Exercise aim |
Give the data below again exactly as written, without its pictures.

Given data |
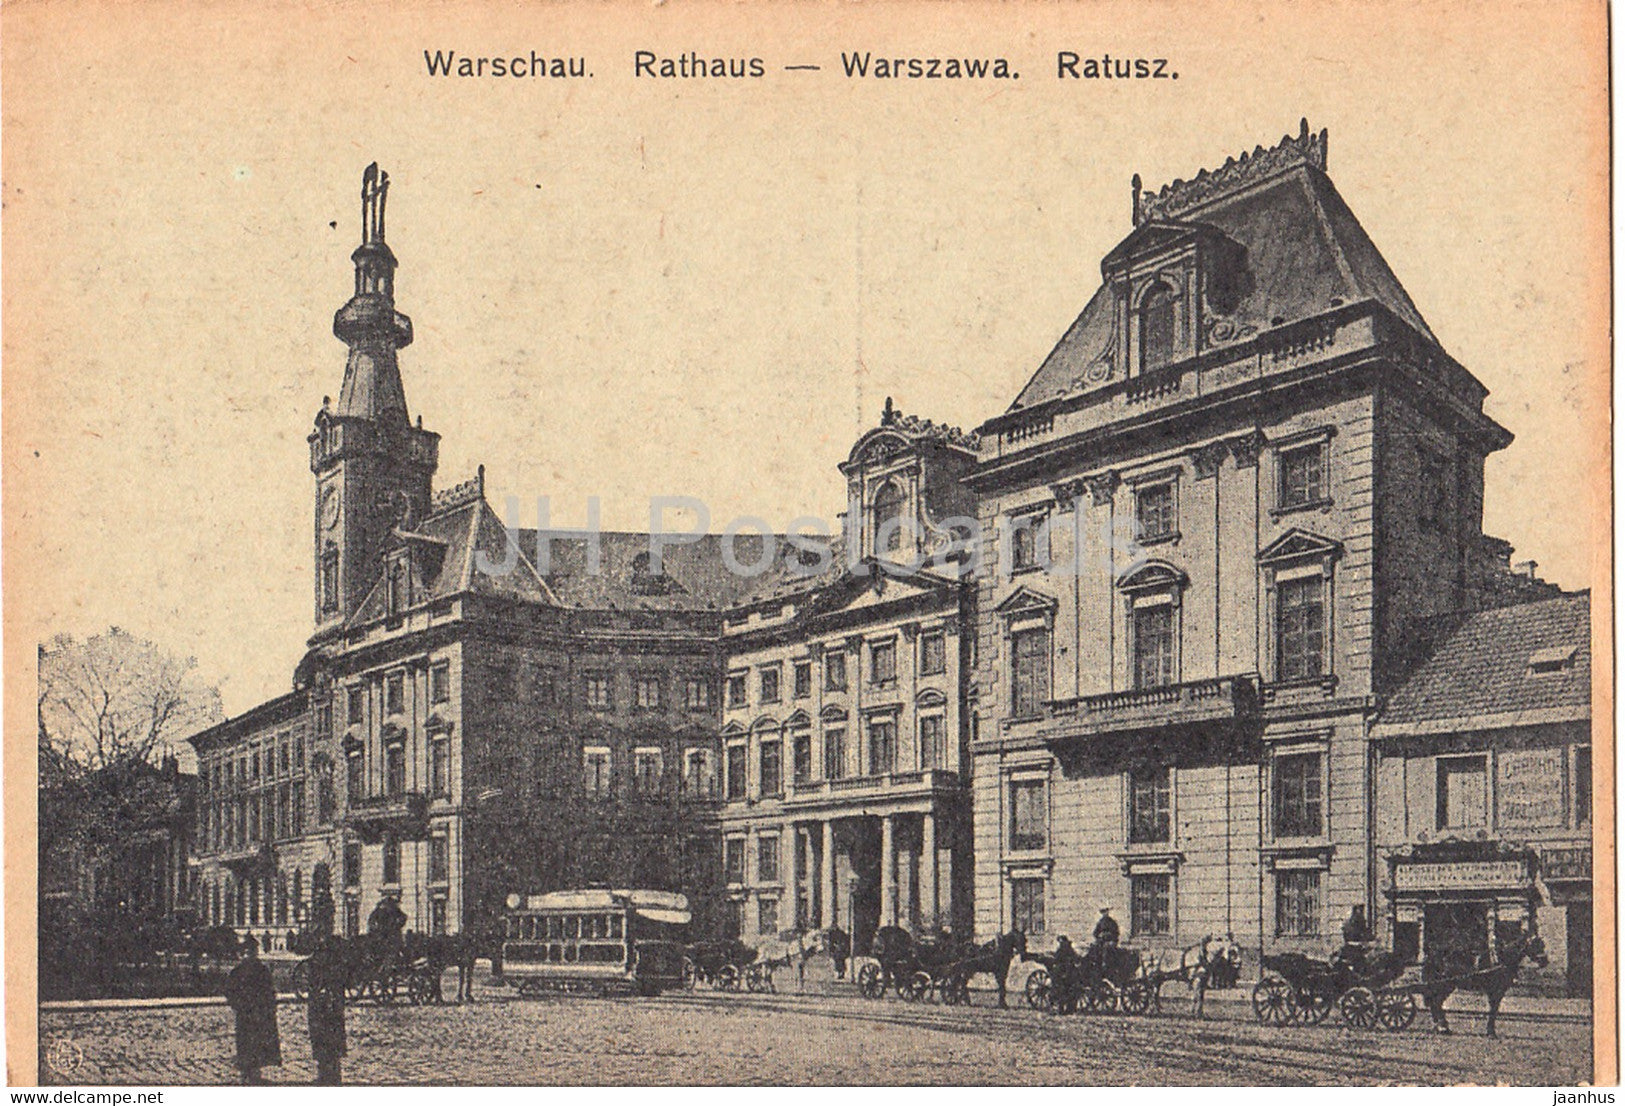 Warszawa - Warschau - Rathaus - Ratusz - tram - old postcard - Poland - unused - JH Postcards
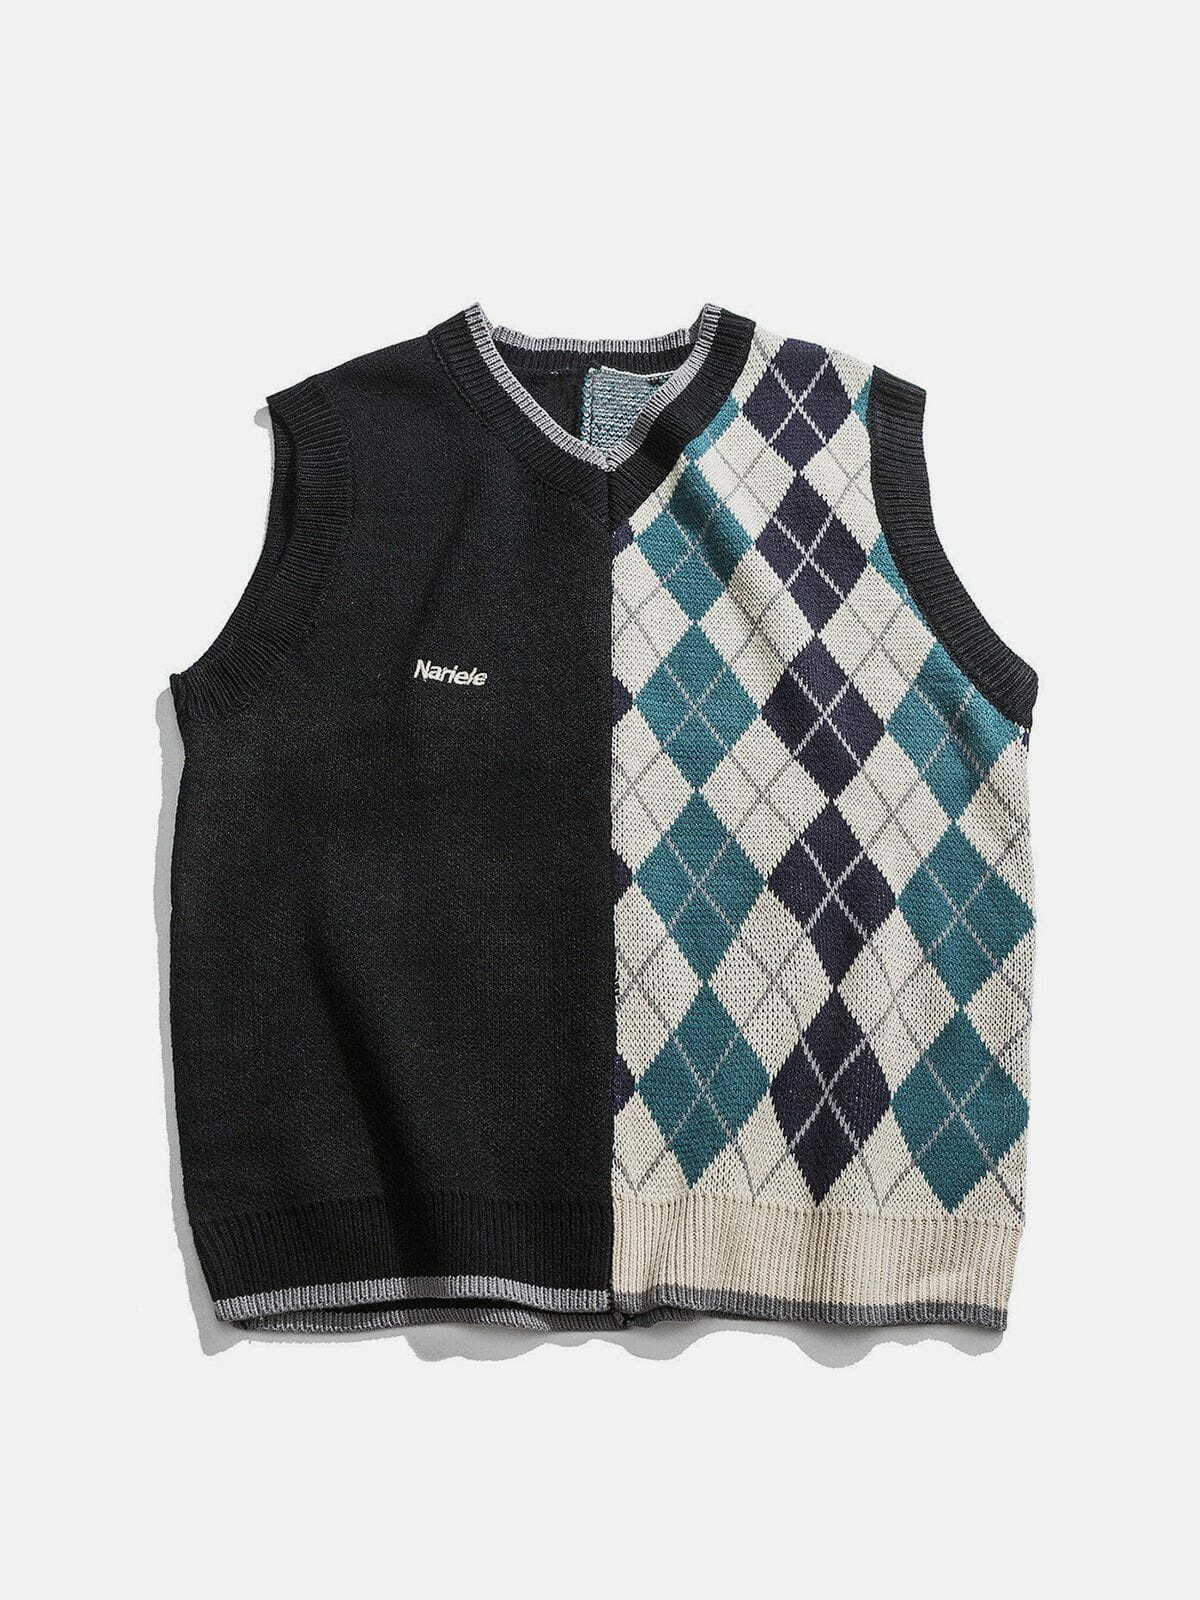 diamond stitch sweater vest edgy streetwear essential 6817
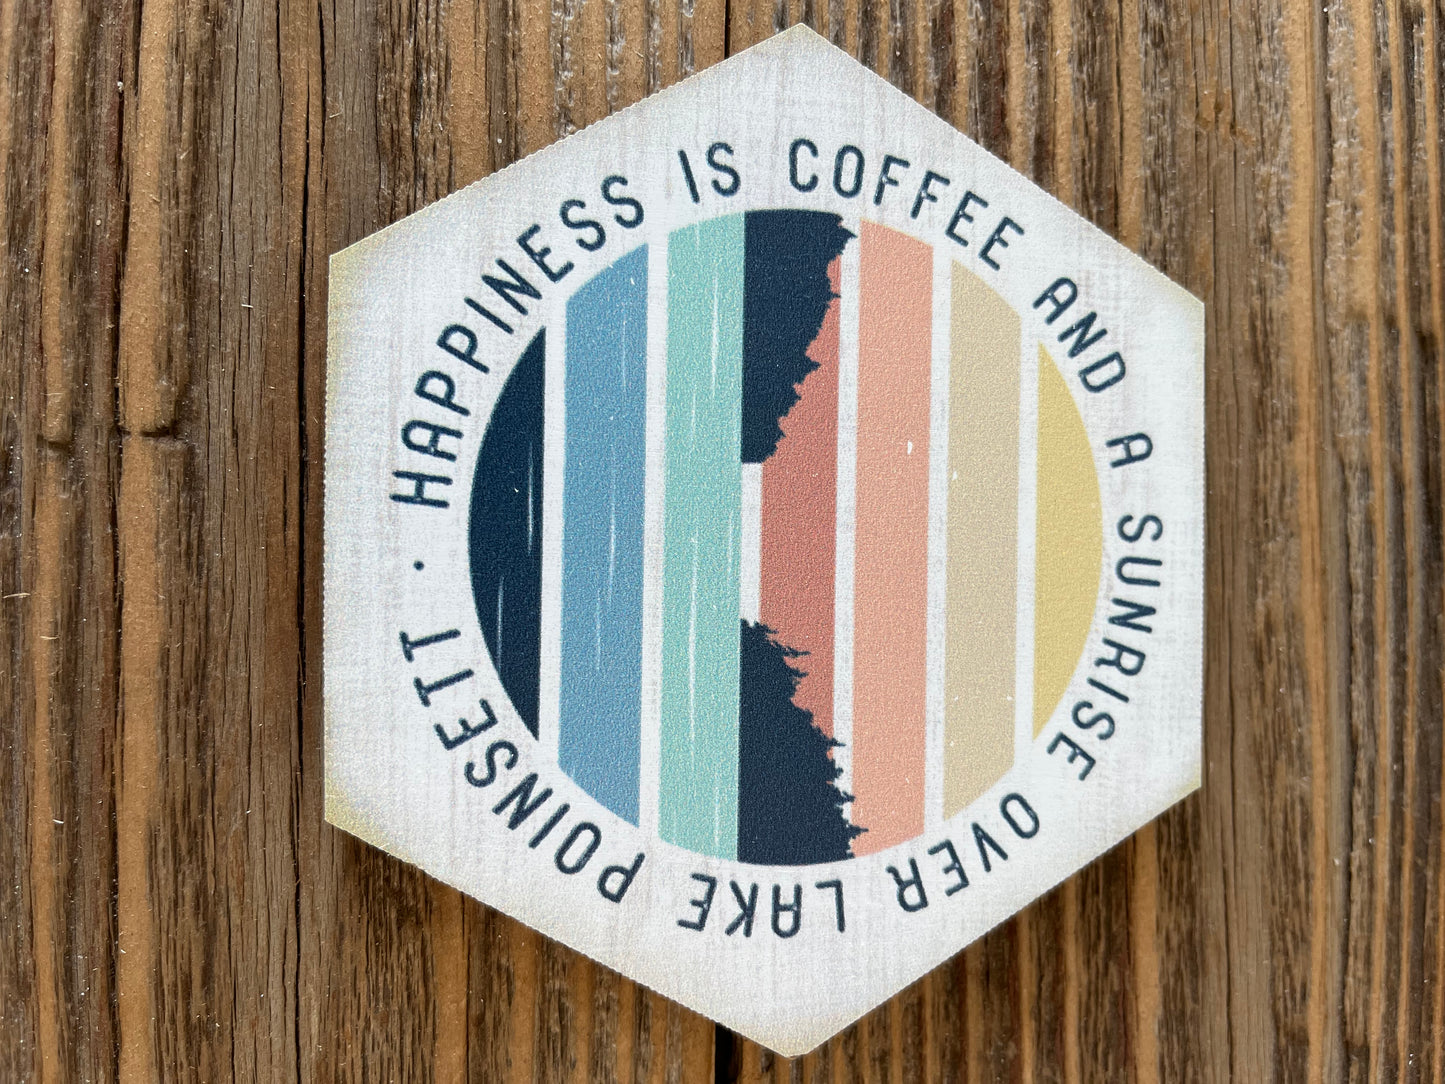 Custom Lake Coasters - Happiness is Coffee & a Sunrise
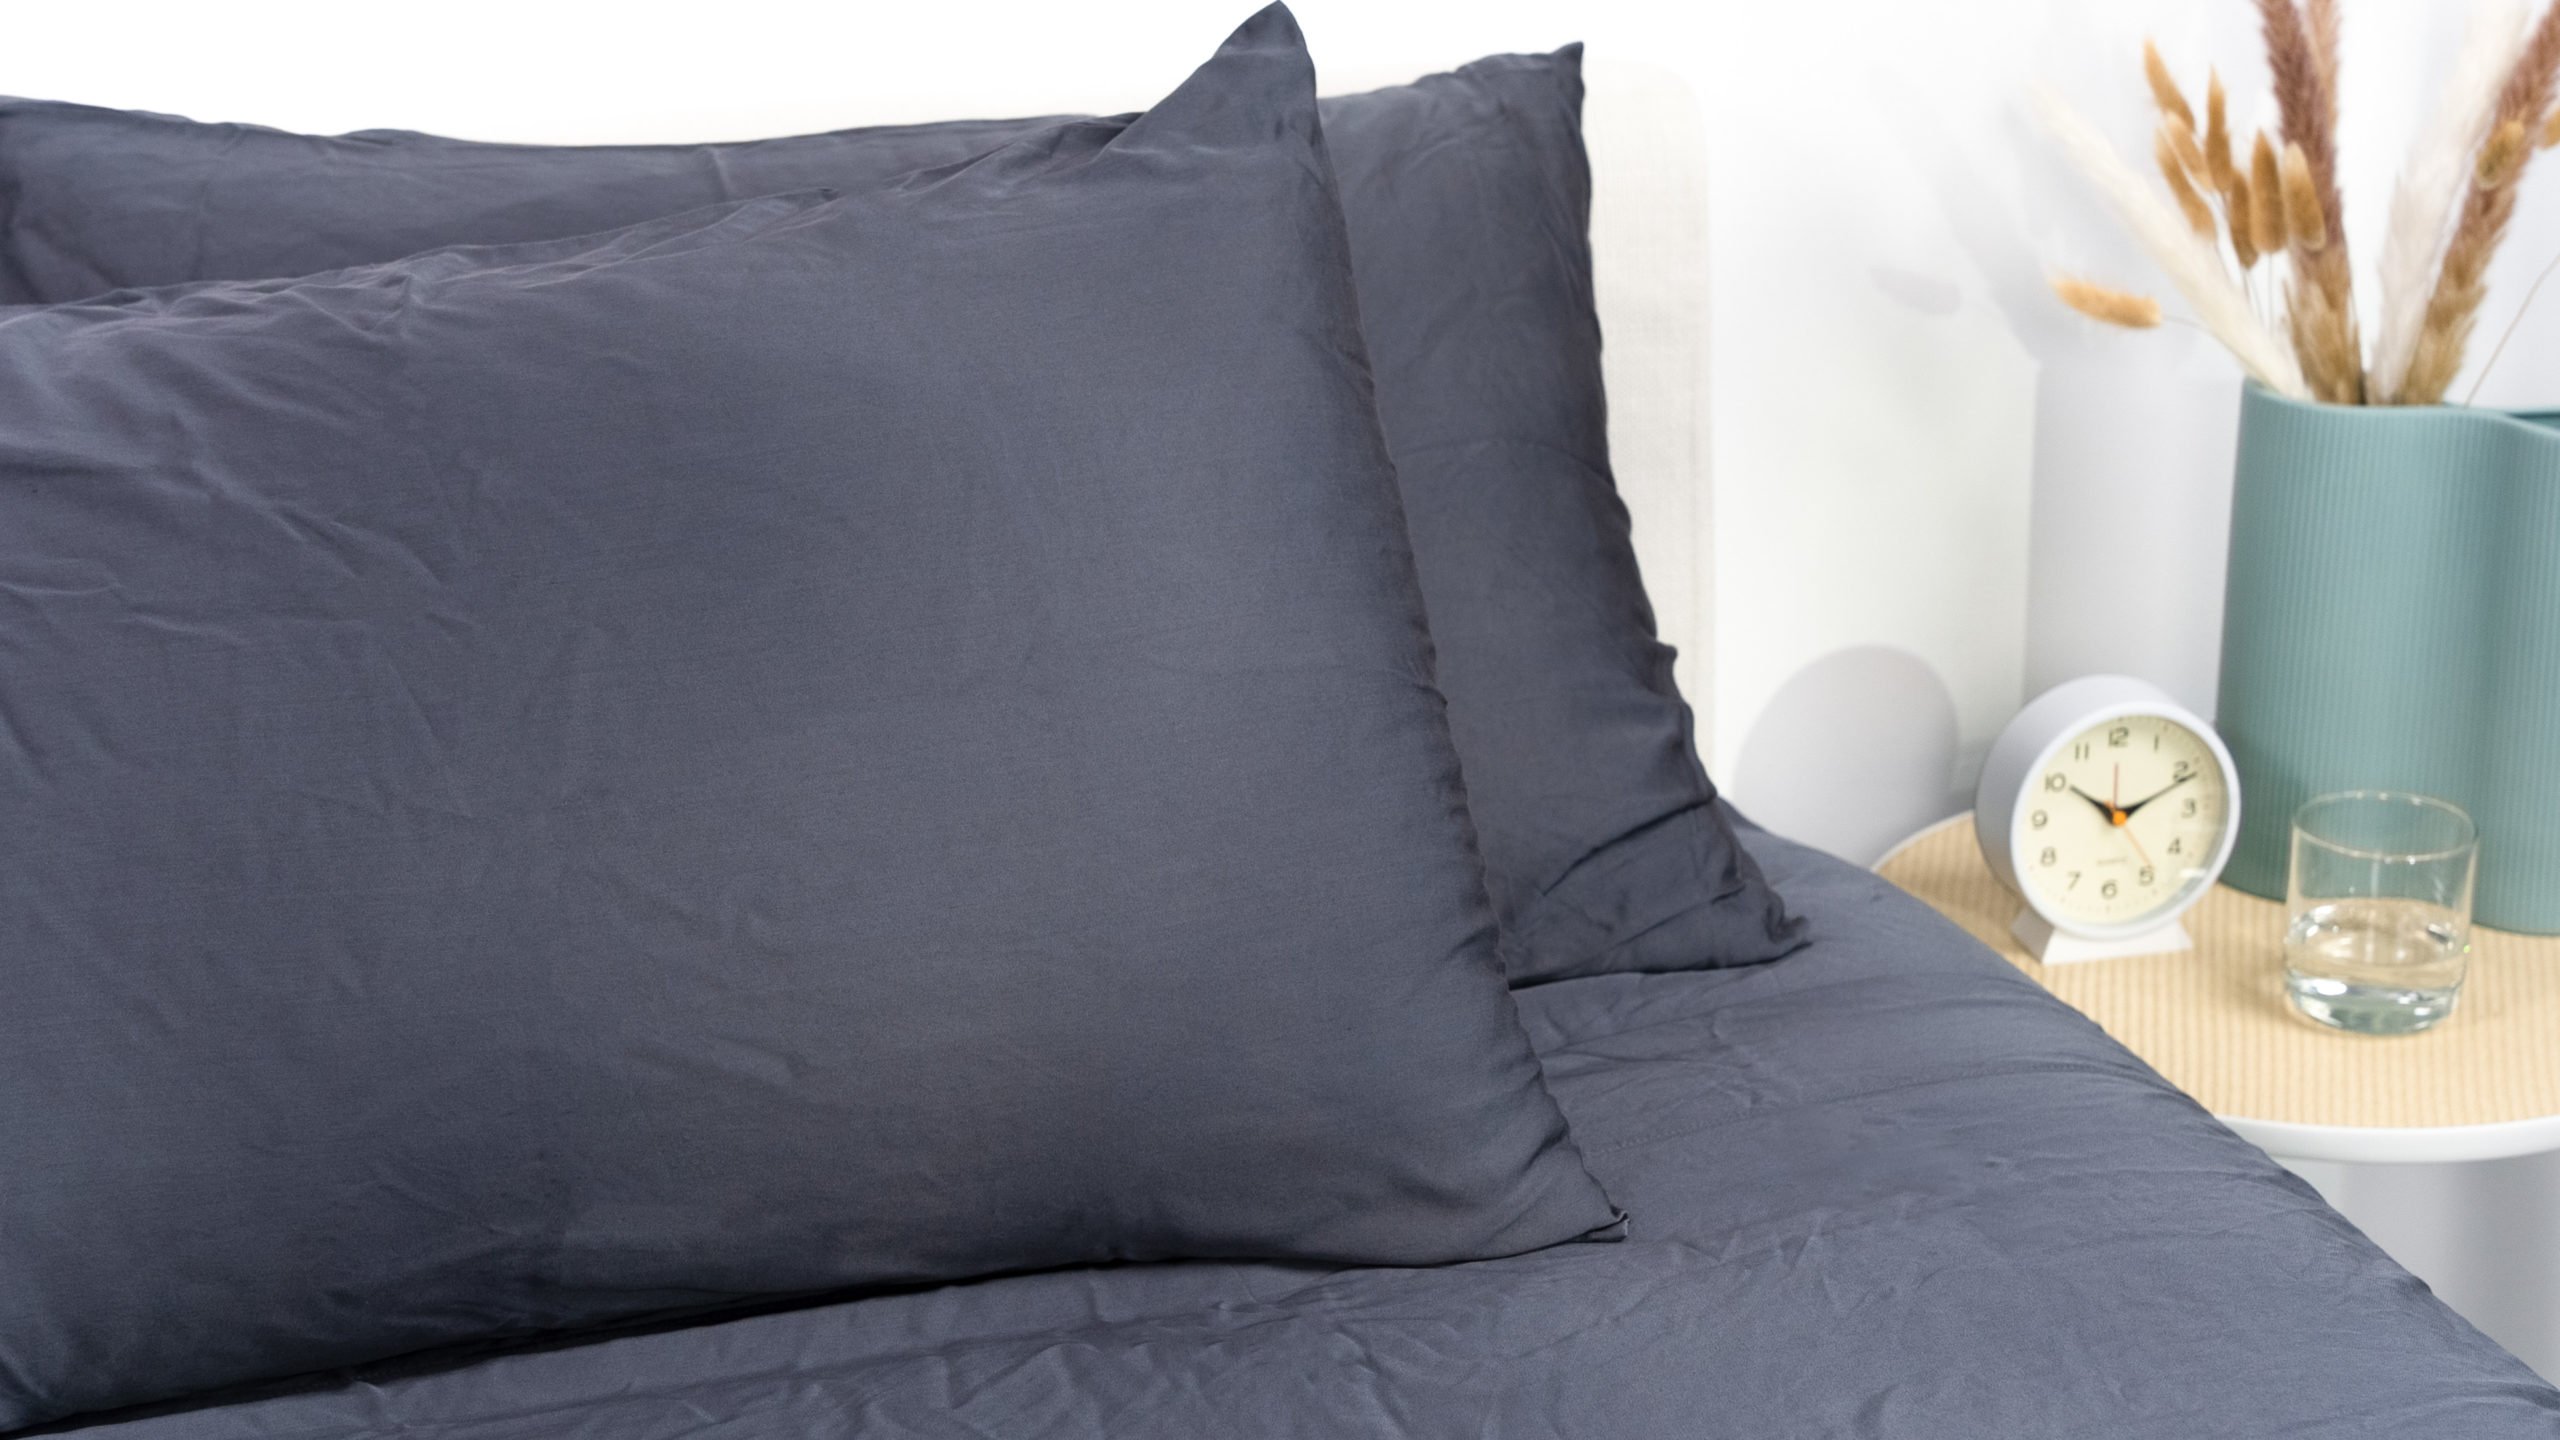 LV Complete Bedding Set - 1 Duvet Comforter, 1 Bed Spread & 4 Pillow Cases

Expected answer |
 Warszawa - Warschau - Rathaus - Ratusz - tram - old postcard - Poland - unused - JH Postcards
 diamond stitch sweater vest edgy streetwear essential 6817
 Custom Lake Coasters - Happiness is Coffee & a Sunrise
 LV Complete Bedding Set - 1 Duvet Comforter, 1 Bed Spread & 4 Pillow Cases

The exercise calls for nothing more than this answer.